Your task is to print all of the data below exactly, with no pictures included.

# Raw data
--
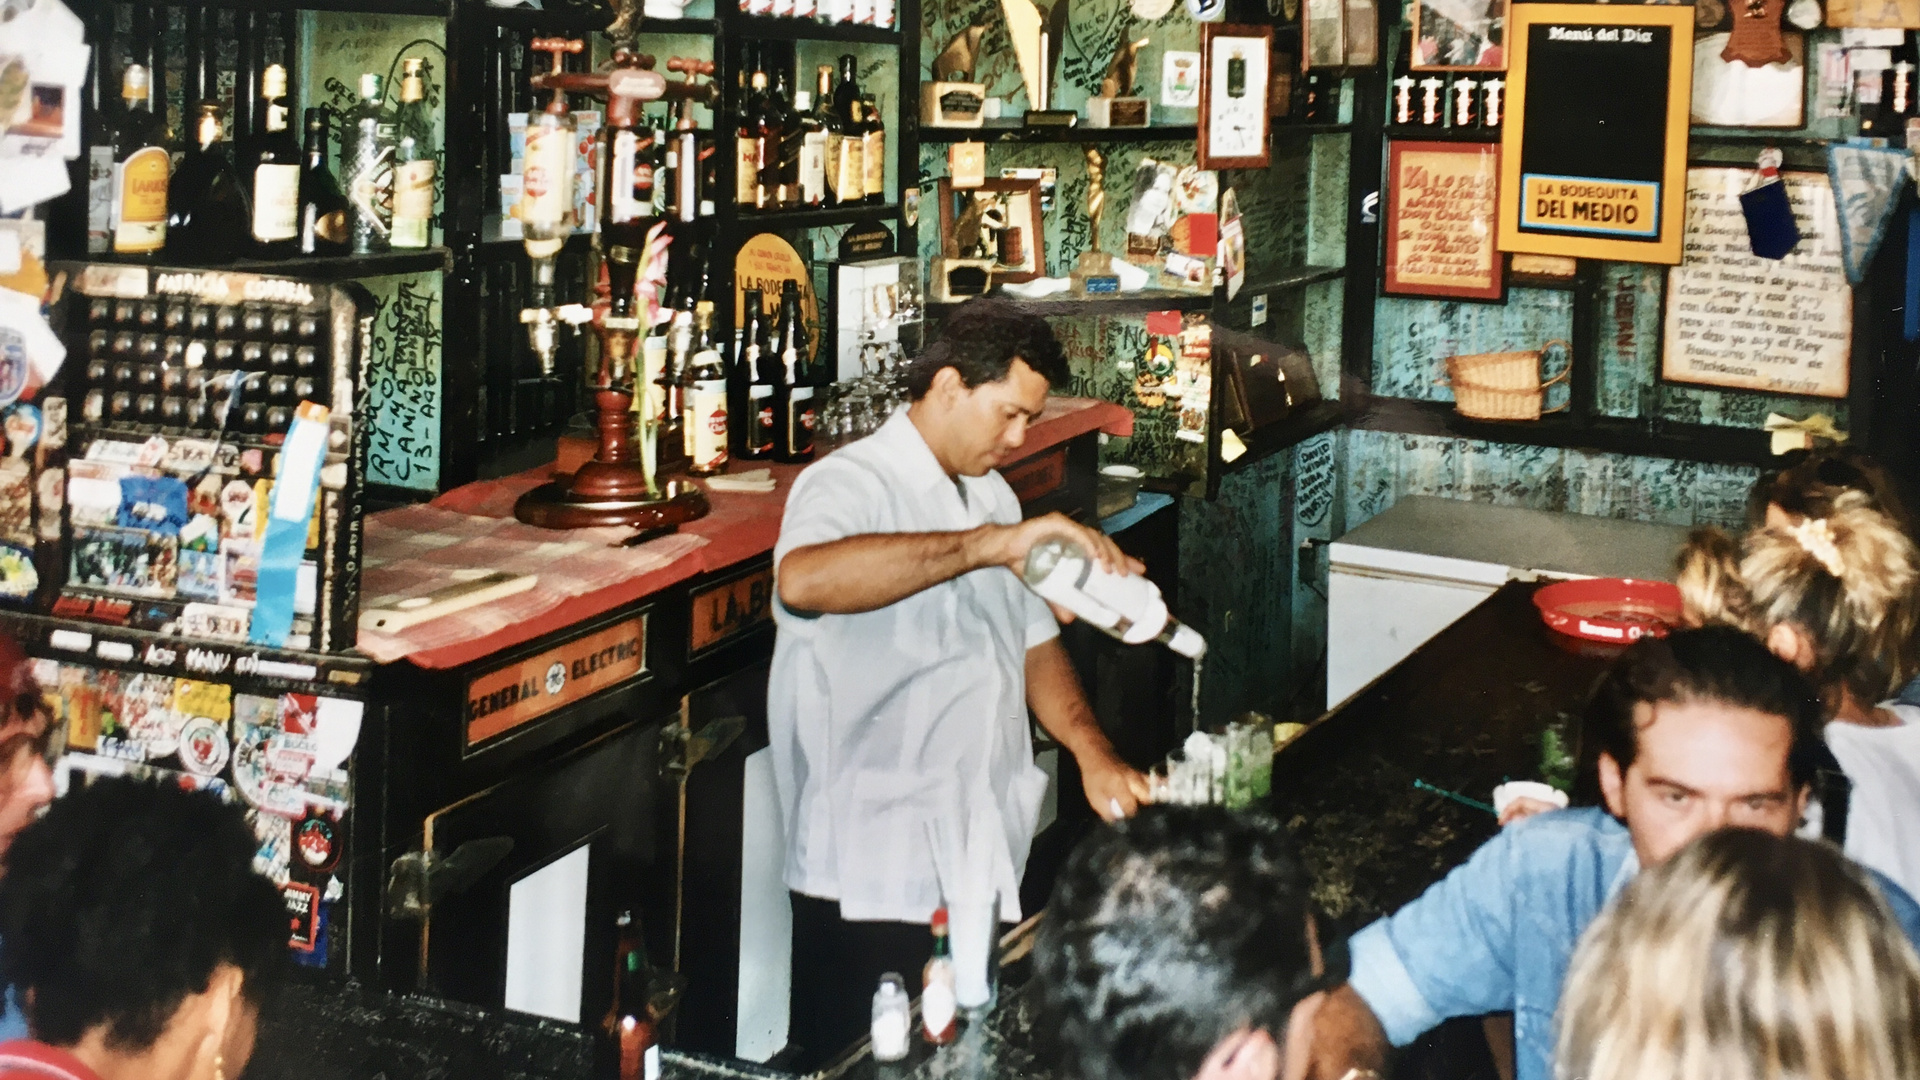 Cuba (2000), La Bodeguita
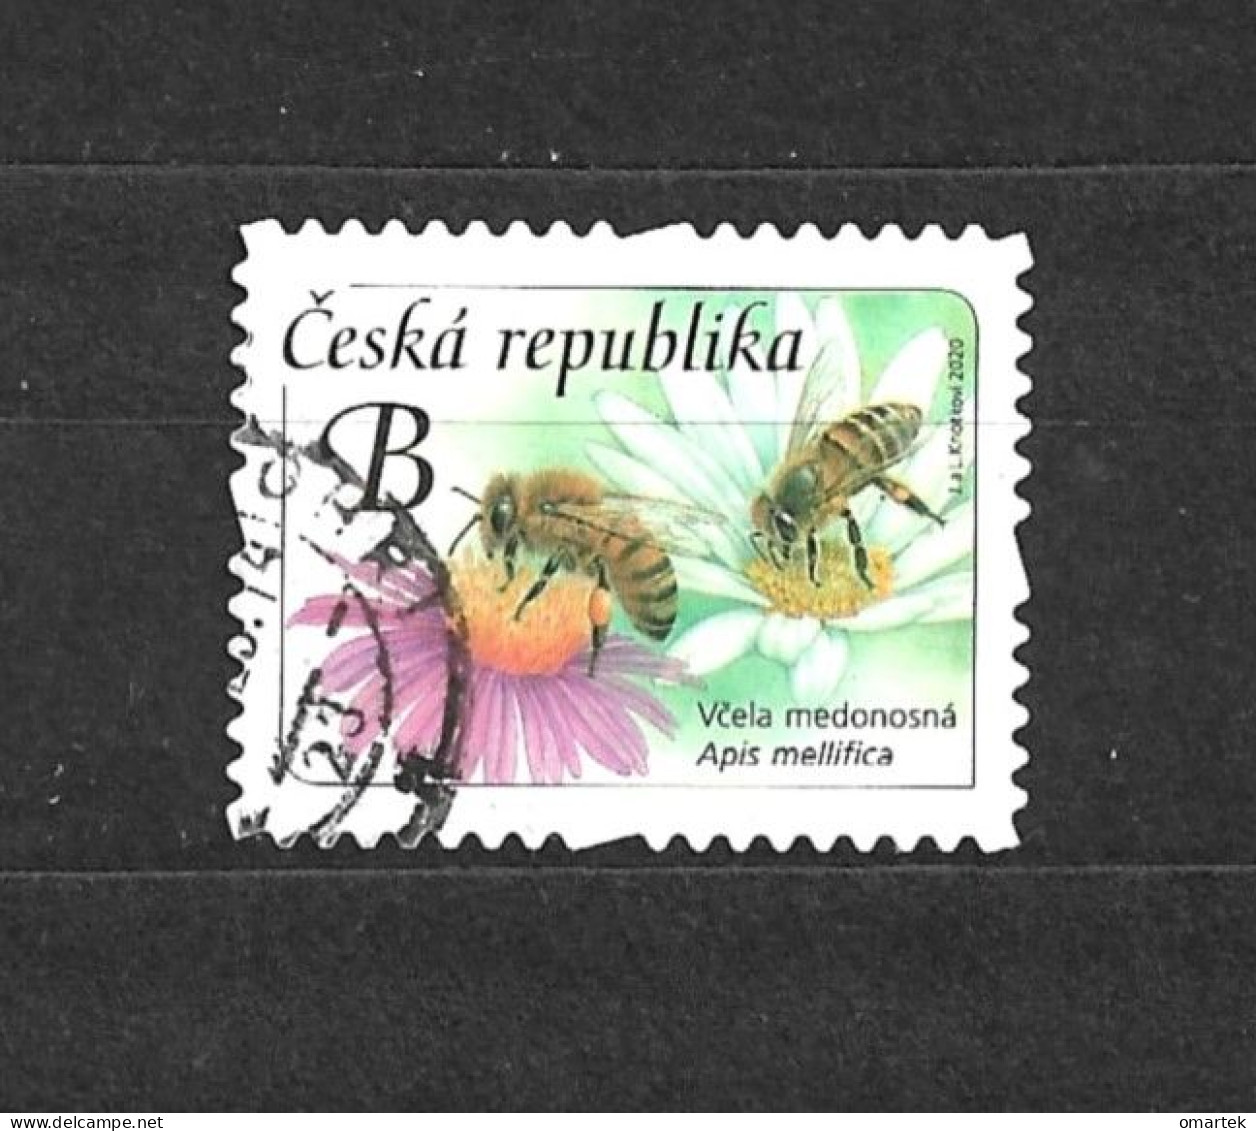 Czech Republic 2020 ⊙ Mi 1067 Sc 3824 Yt 943 Honey Bee. Tschechische Republik. C13 - Gebraucht
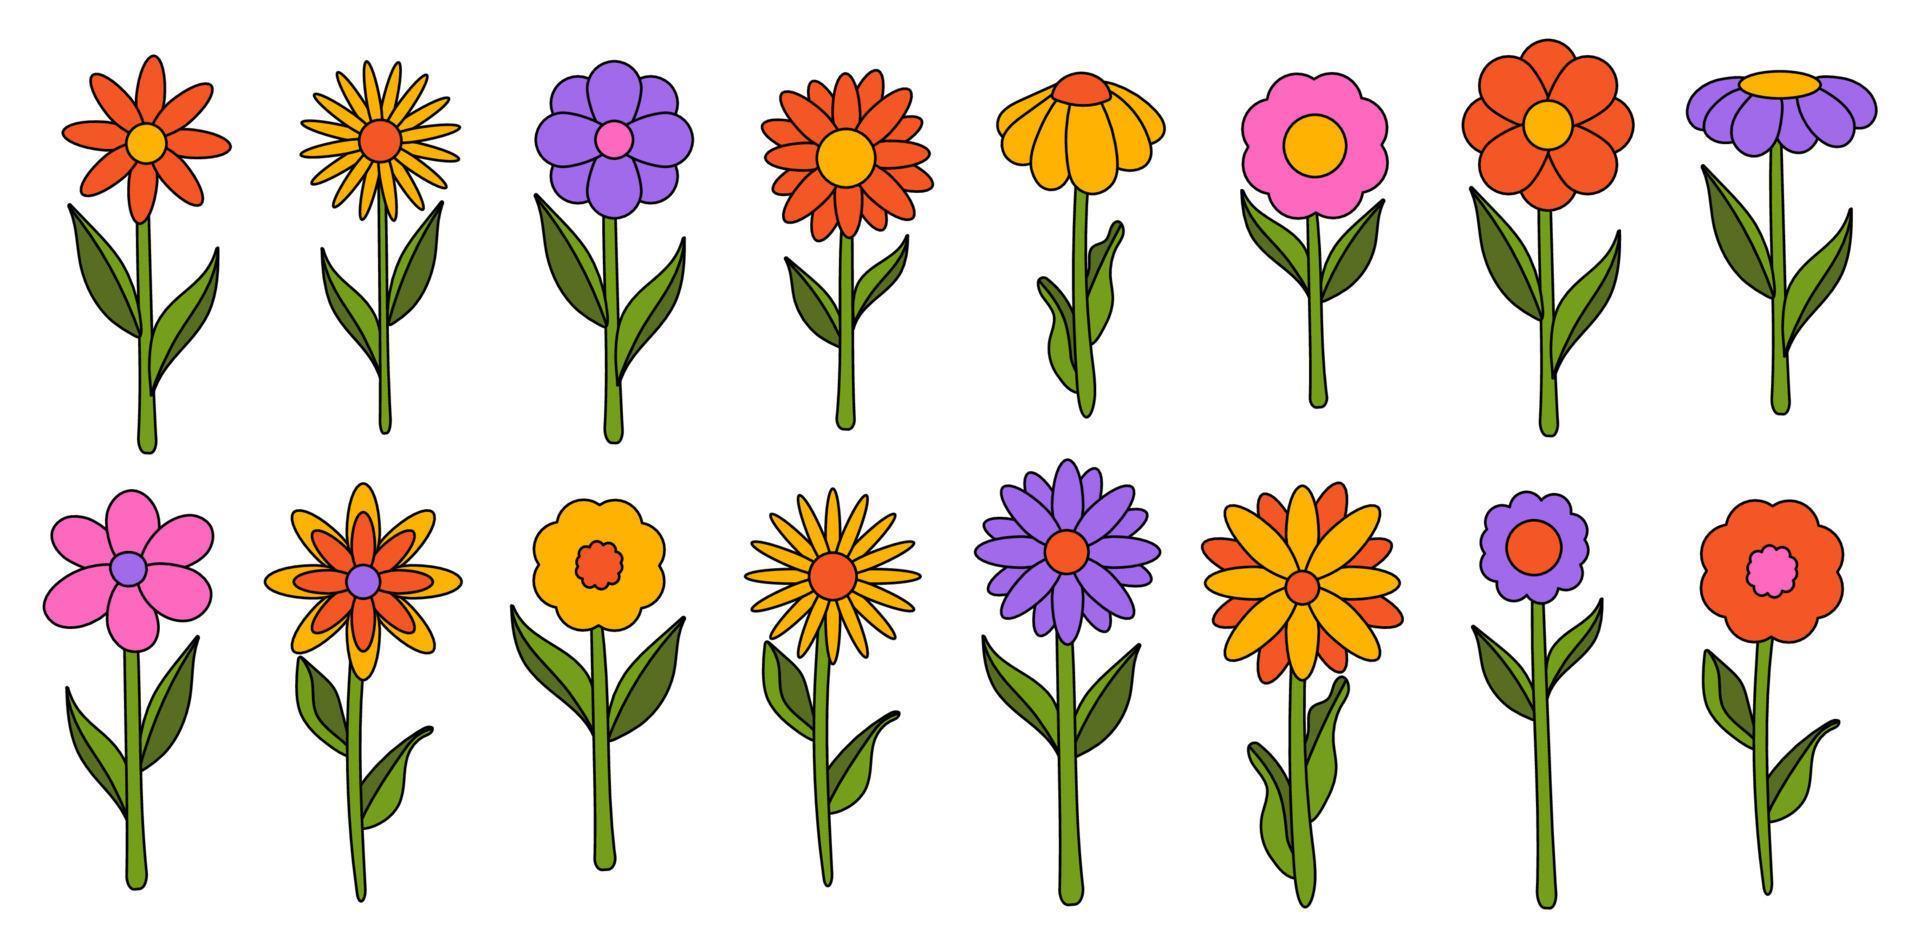 samling enkla blommande blommor i 1970-talets psykedeliska hippiestil. uppsättning grafiska klistermärken i retrodesign. groovy bakgrund. redigerbara stroke isolerade vektorillustration vektor
--
# Exercise output
 Cuba (2000), La Bodeguita
 Czech Republic 2020 ⊙ Mi 1067 Sc 3824 Yt 943 Honey Bee. Tschechische Republik. C13 - Gebraucht
 samling enkla blommande blommor i 1970-talets psykedeliska hippiestil. uppsättning grafiska klistermärken i retrodesign. groovy bakgrund. redigerbara stroke isolerade vektorillustration vektor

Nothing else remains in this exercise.